For the pepper sauce
- Ground black pepper + Sichuan pepper powder – Double pepper for that bold kick.
- Honey – Just enough to balance the spice.
- Soy sauce – A second round, this time for the sauce.
- Chicken stock – Brings everything together and makes it saucy.
For the slurry
- Cornflour mixed with water – A quick thickener so the sauce clings to the chicken.
For the stir-fry
- Oil – Any neutral cooking oil you like.
- Garlic + ginger, finely chopped – Because the aroma when they hit hot oil is unbeatable.
- Green chillies, slit – A little extra heat.
- Celery, onions, and red bell pepper – Crunchy veggies to balance the chicken.
- Spring onion greens – To finish with freshness.
Richa’s Top Tips
- Cook on high flame – Quick stir-frying keeps the chicken tender and gives that smoky flavour.
- Crush fresh pepper – Freshly ground pepper really makes the sauce shine.
- Don’t overcook veggies – Toss just enough so onions, celery, and peppers keep their crunch.
- Add slurry last – Mix in the cornflour slurry at the end so the sauce thickens and coats evenly.
- Use chicken thighs – They stay juicier than breast meat, especially on high heat.
Frequently Asked Questions
Yes! Just don’t overcook it, breast meat dries out much faster than thighs.
Skip it and stick to regular black pepper. The dish will still taste amazing, just with less of that numbing spice.
Of course. Reduce the green chillies and cut back a little on the pepper. You’ll still get all the flavour without the heat overload.
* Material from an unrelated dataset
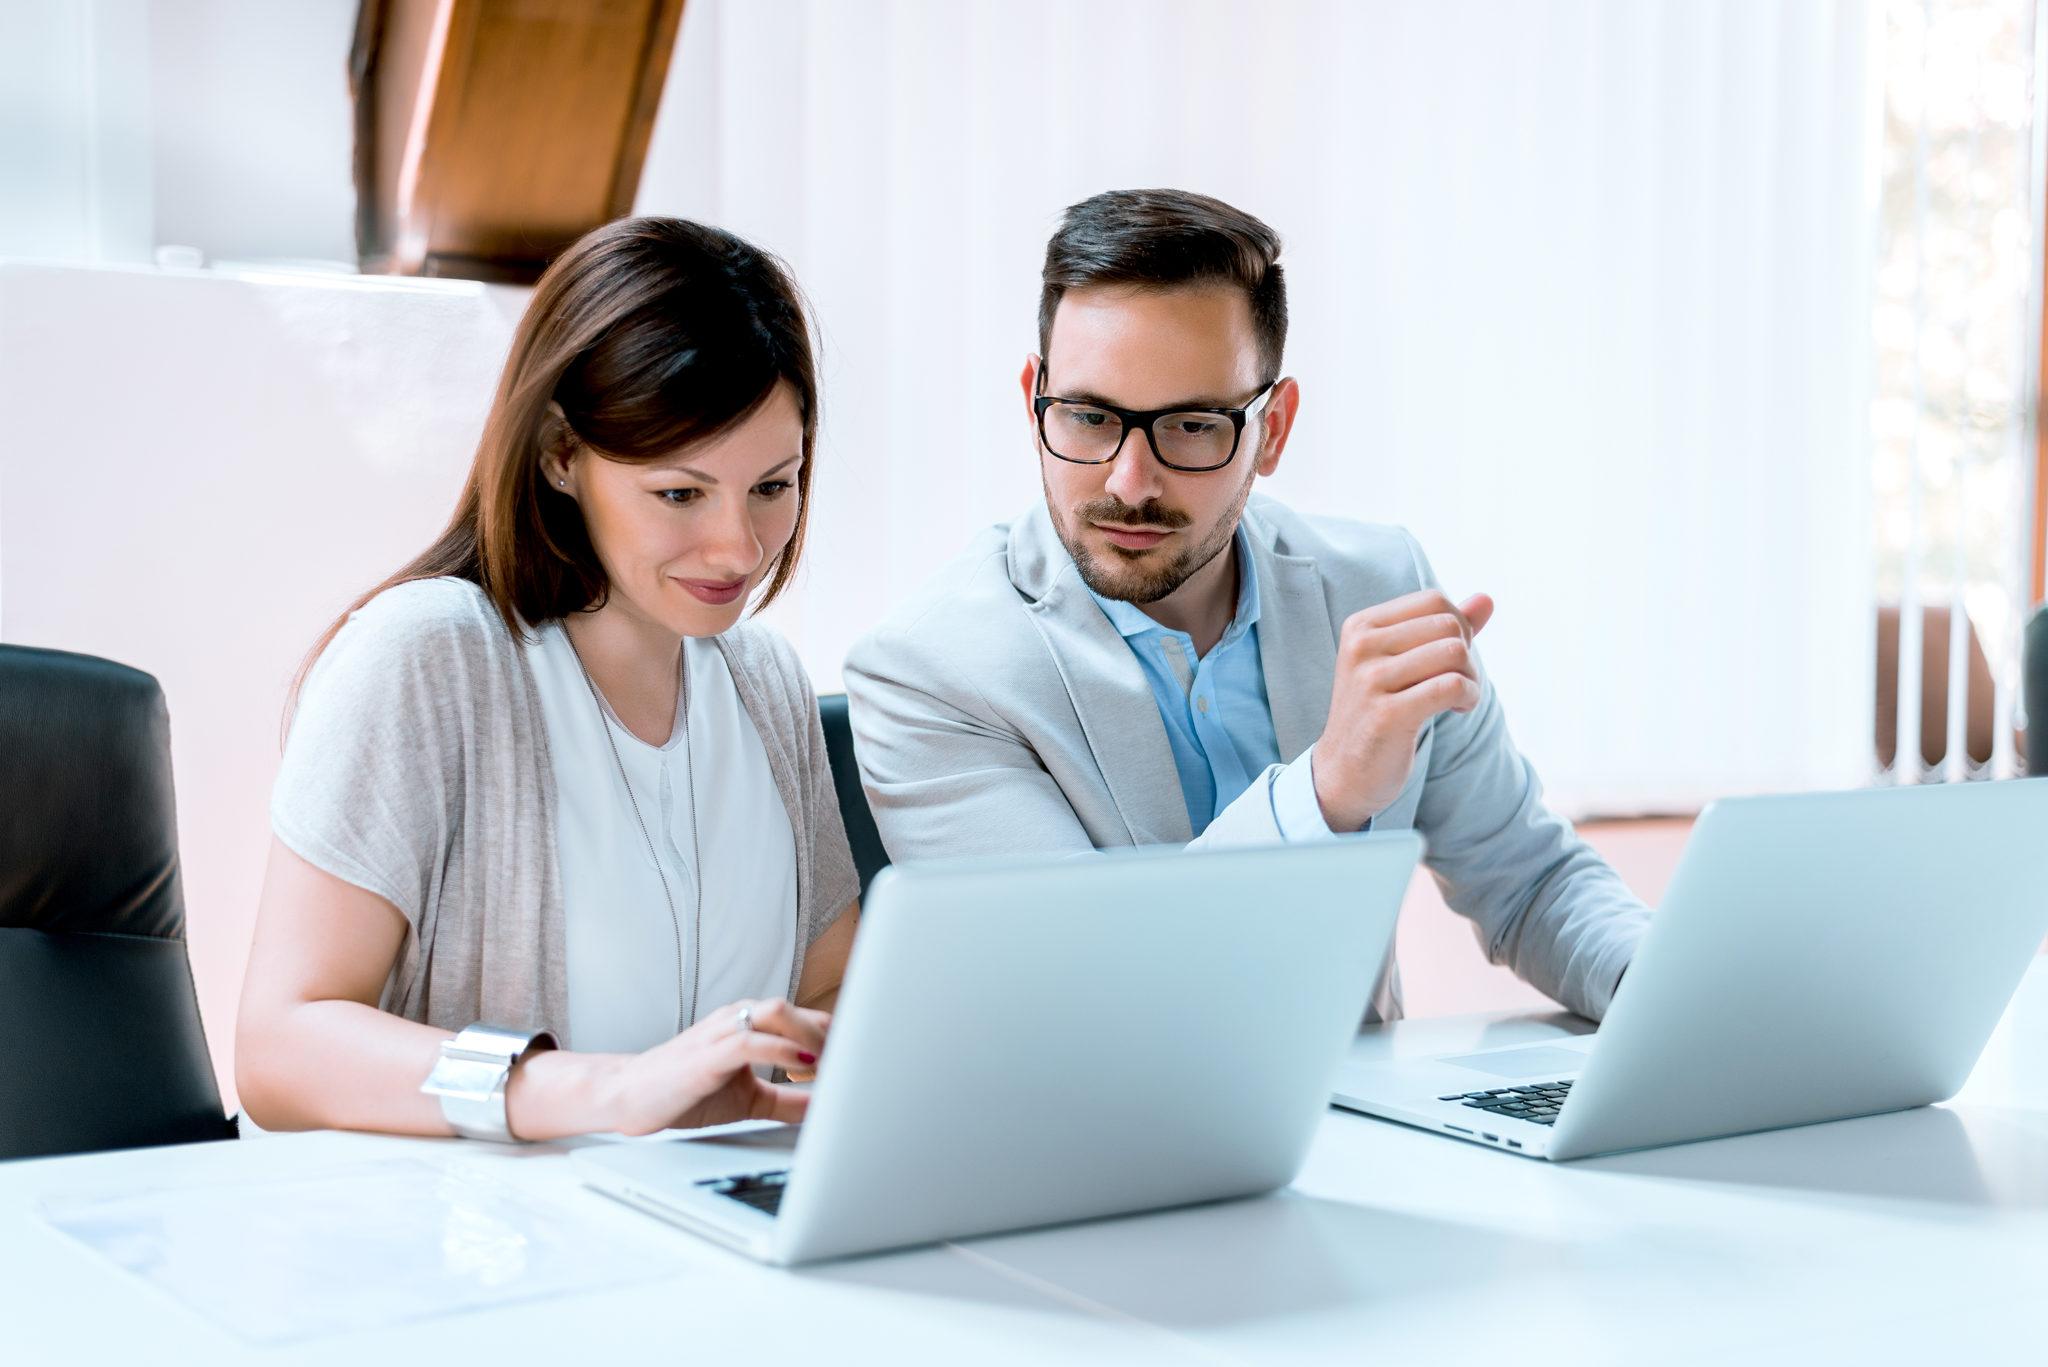 Descubre cómo escribir una CARTA de PRESENTACIÓN de PROFESOR. Indispensable para ser llamado para una entrevista. Encuentra empleo de profesor.

The cornflour slurry is the secret, add it at the end and let it simmer for a minute to thicken and coat the chicken.
It’s best eaten fresh, but if you’ve got leftovers, warm them up quickly in a pan on high heat to bring back the texture.

Storage Tips
- Fridge: Leftovers will keep in the fridge for up to 2 days. Store in an airtight container and reheat quickly in a pan on high heat so the chicken doesn’t turn soggy.
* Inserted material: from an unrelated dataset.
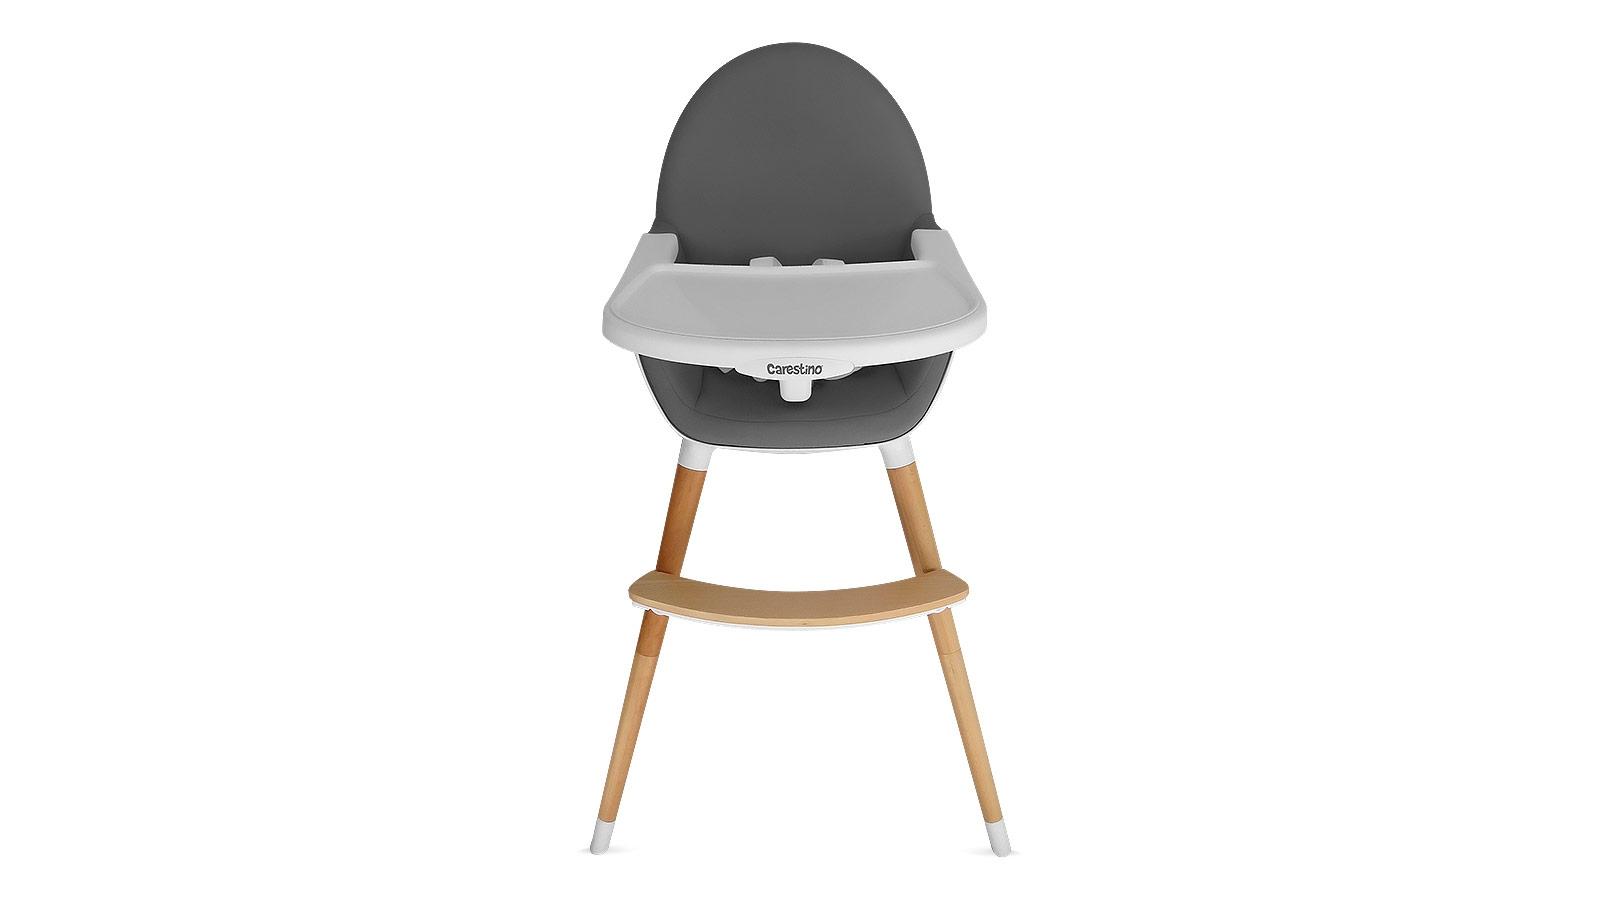 Carestino productos sillas sillas de comer silla for Sillas para coche grupo 2

- Freezer: Not the best recipe for freezing since the veggies lose their crunch and the sauce can separate. Fresh is best here.
- Meal prep hack: You can marinate the chicken a day in advance and keep it in the fridge. That way, when it’s cooking time, you just toss and stir-fry.
Serving Ideas
Black pepper chicken is bold and saucy, which makes it perfect to pair with some of your favourite Indo-Chinese sides from the blog:
- Veg Fried Rice – A classic pairing. The peppery chicken and fluffy fried rice are made for each other.
- Hakka Noodles – Toss the chicken alongside garlicky noodles for the ultimate comfort meal.
- Veg Manchurian – Double up on flavour with this combo.
- Chilli Garlic Fried Rice – The garlicky notes play beautifully with the pepper sauce.
- Egg Fried Rice – Simple, quick, and perfect when you want to keep things fuss-free.
- Veg Spring Rolls – Use the chicken as a main with crispy spring rolls on the side.
- Chilli Paneer – For a party spread, pair black pepper chicken with another crowd favourite.
Customisation Ideas
- Make it saucier – Double the stock and slurry if you like more gravy to spoon over rice.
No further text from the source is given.